§ WHAT YOU WILL DO
Set the material down again exactly, line by line, skipping each picture.

§ GIVEN DATA

+ + + +

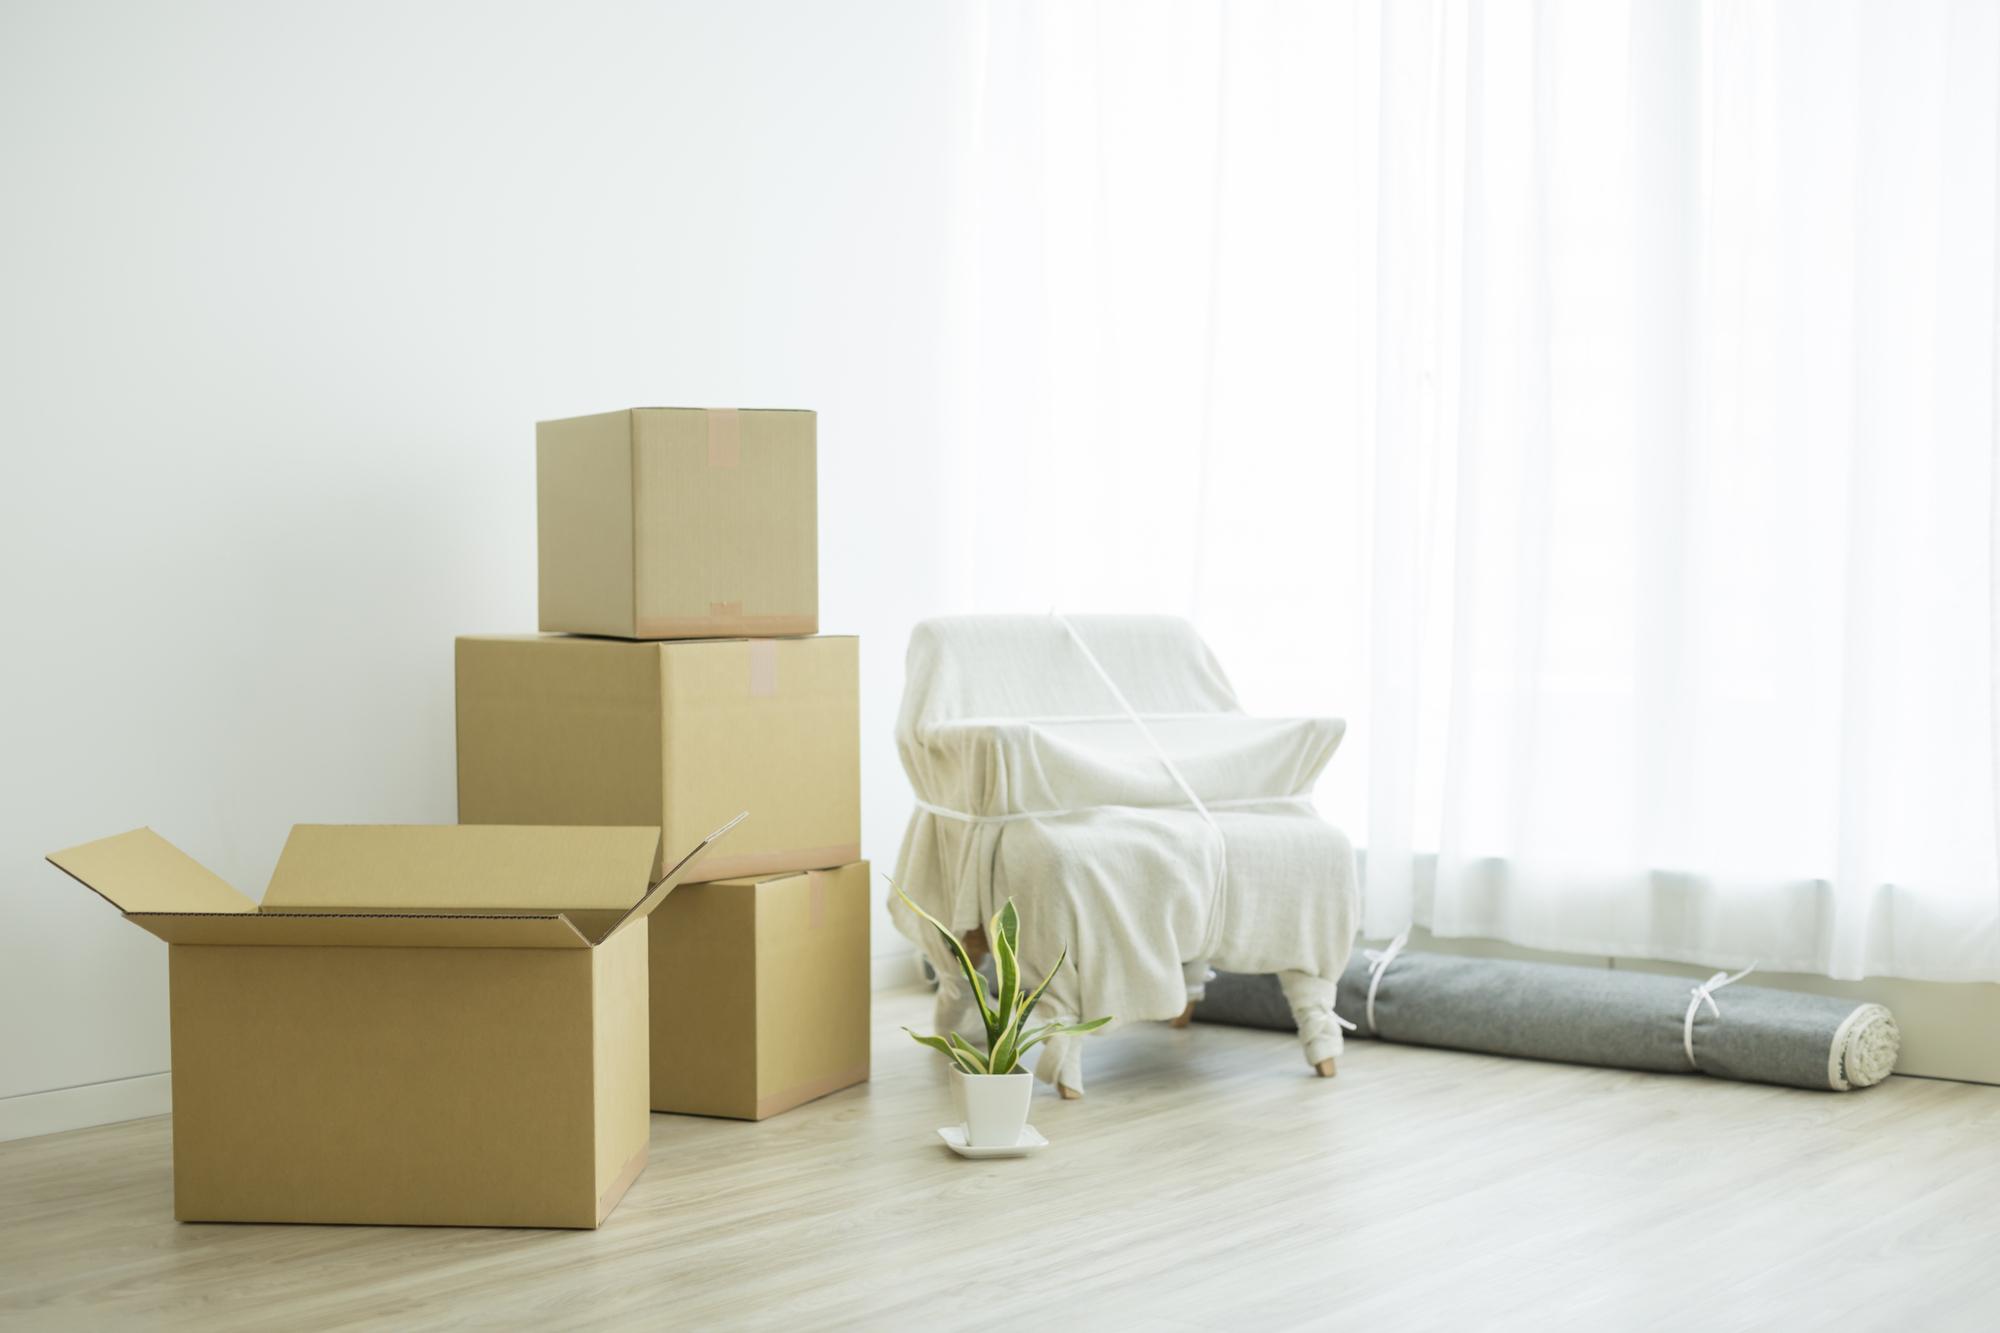 引越しで実践したい「荷造りを効果的に進めるコツ」を一挙紹介!
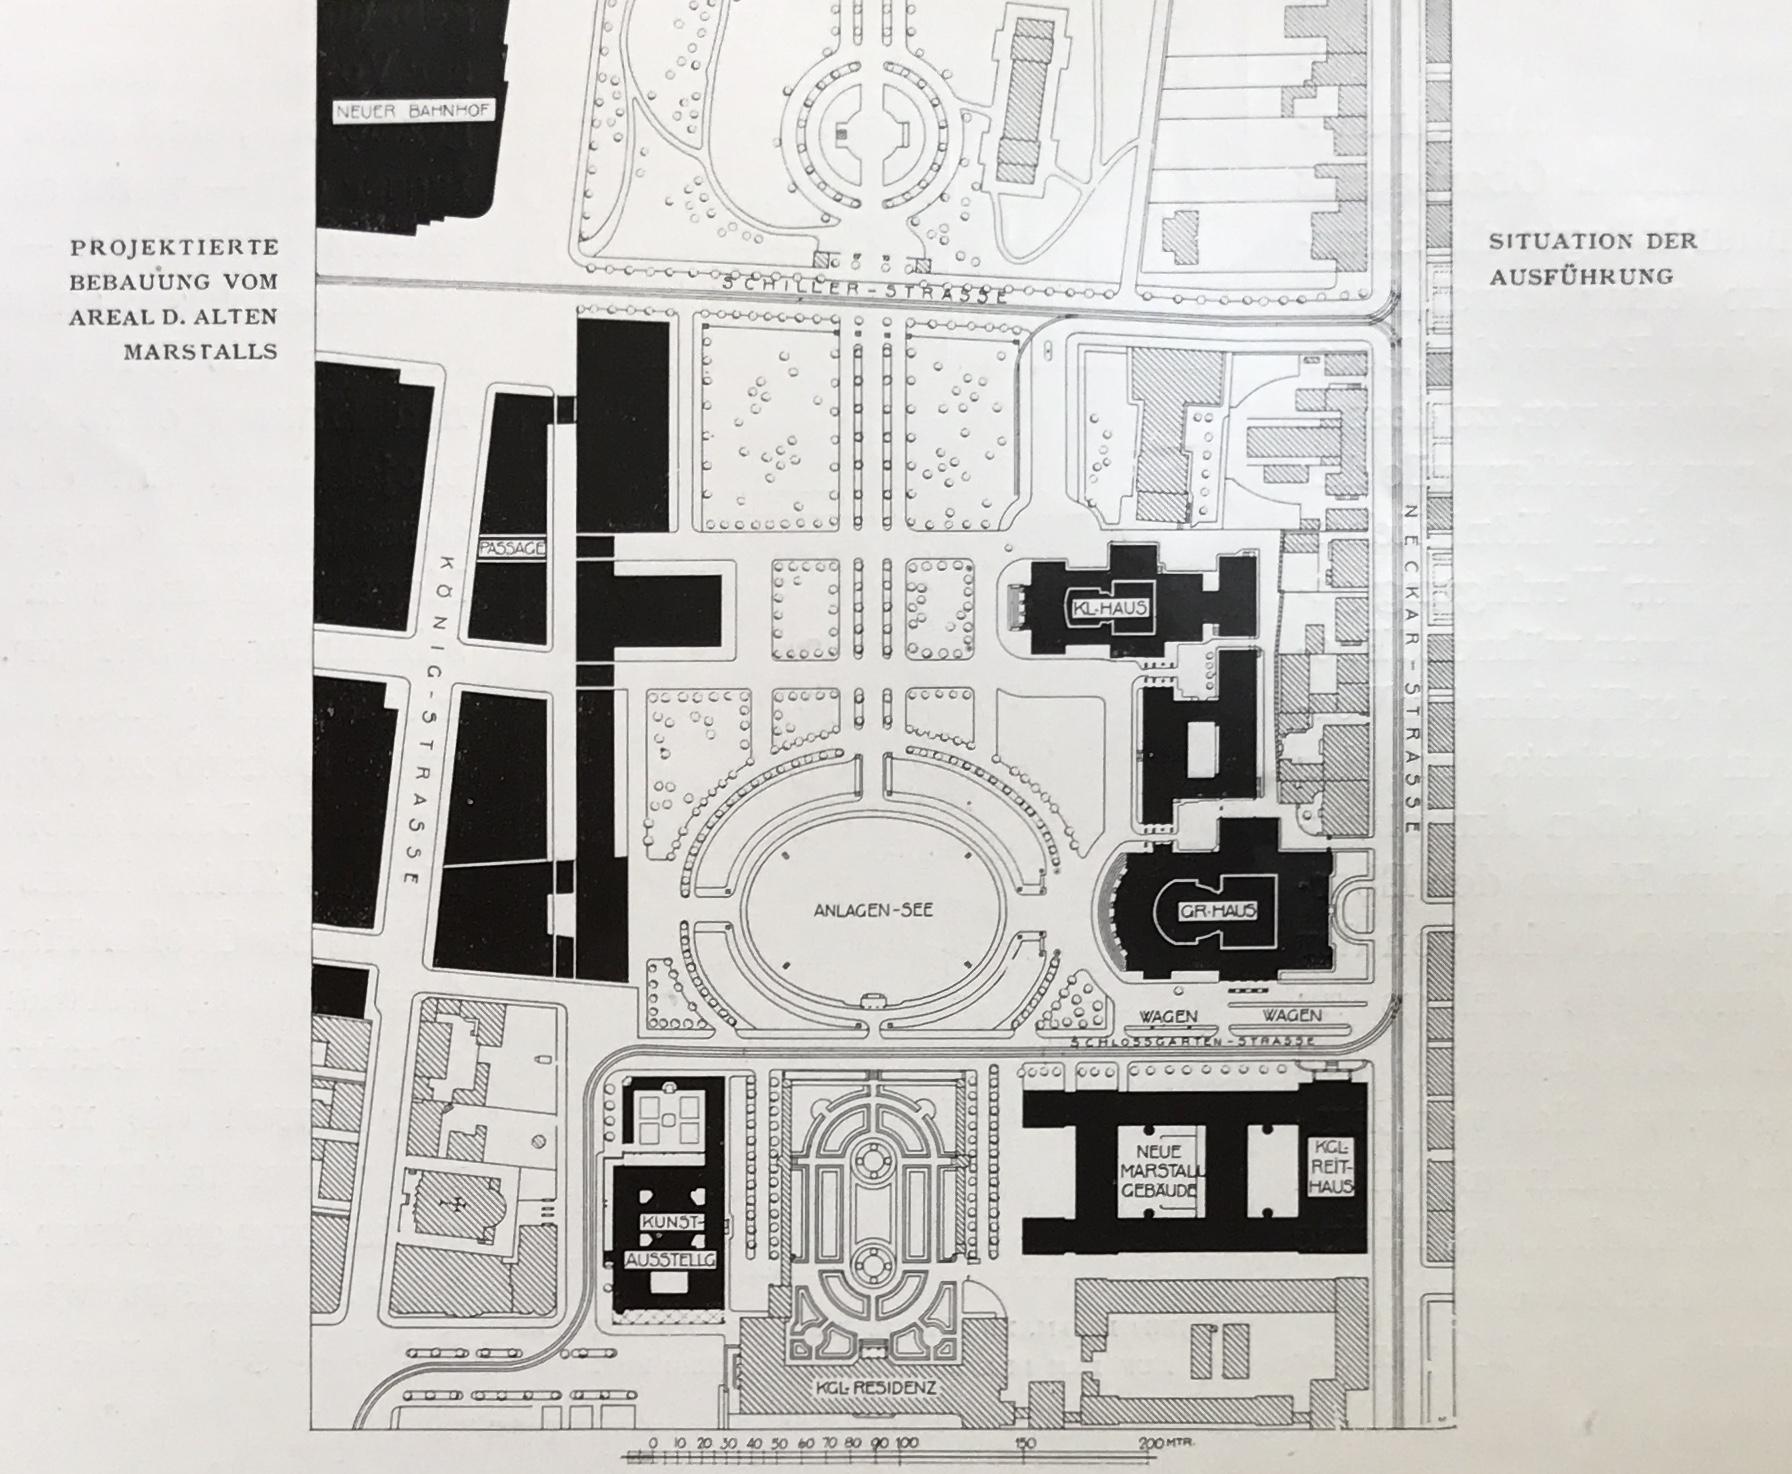 Gestaltung des Marstall-Areals durch Max Littmann – eine Anregung für heute?
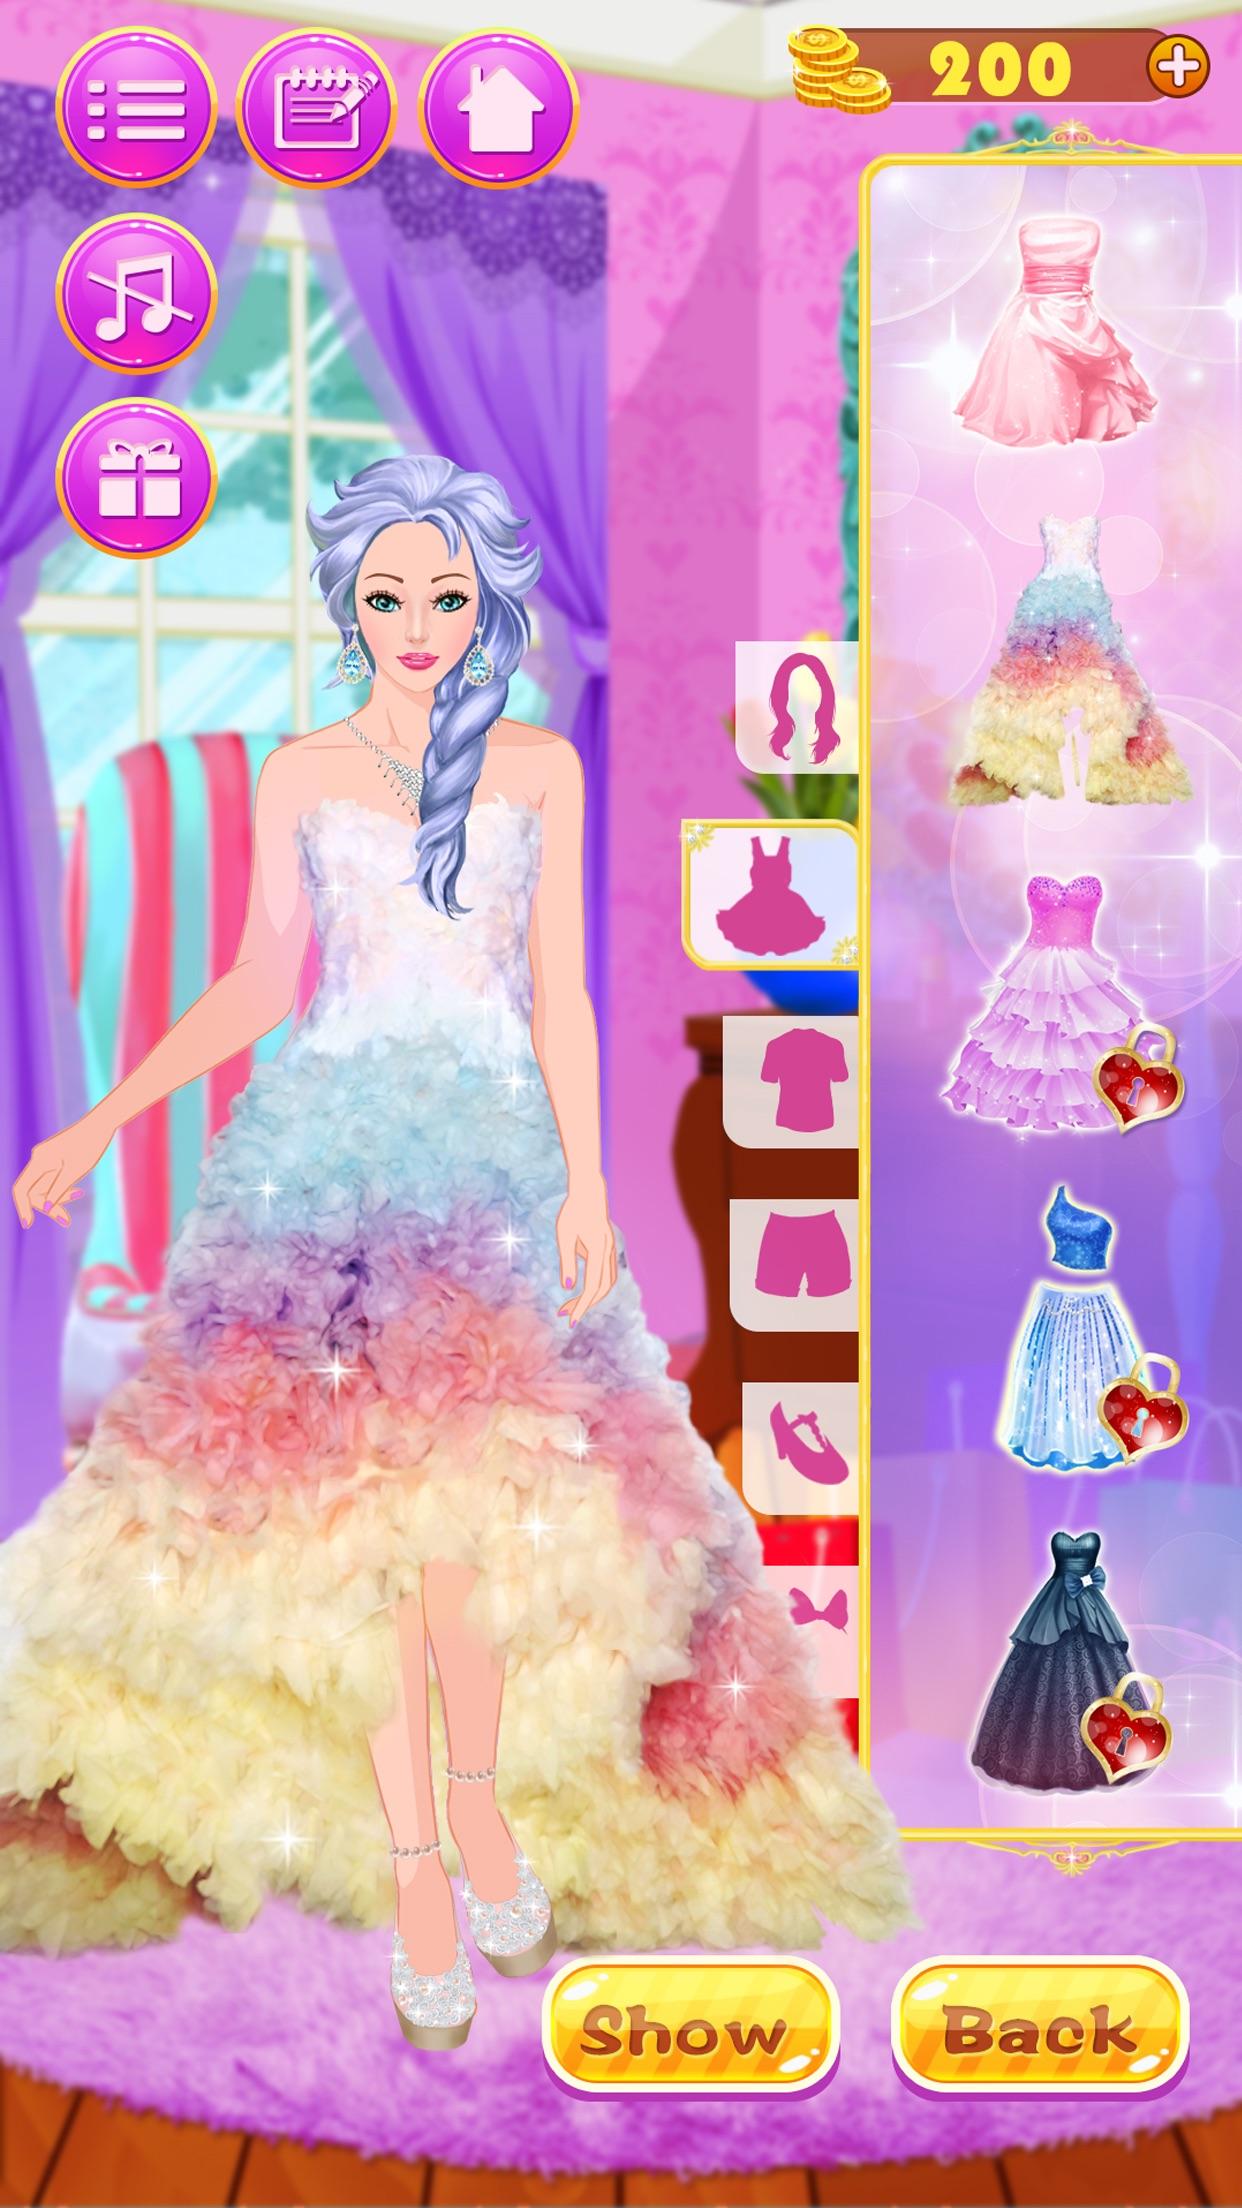 Girls Dress Up - games for girls! Screenshot

+ + + +

§ RESPONSE
 引越しで実践したい「荷造りを効果的に進めるコツ」を一挙紹介!
 Gestaltung des Marstall-Areals durch Max Littmann – eine Anregung für heute?
 Girls Dress Up - games for girls! Screenshot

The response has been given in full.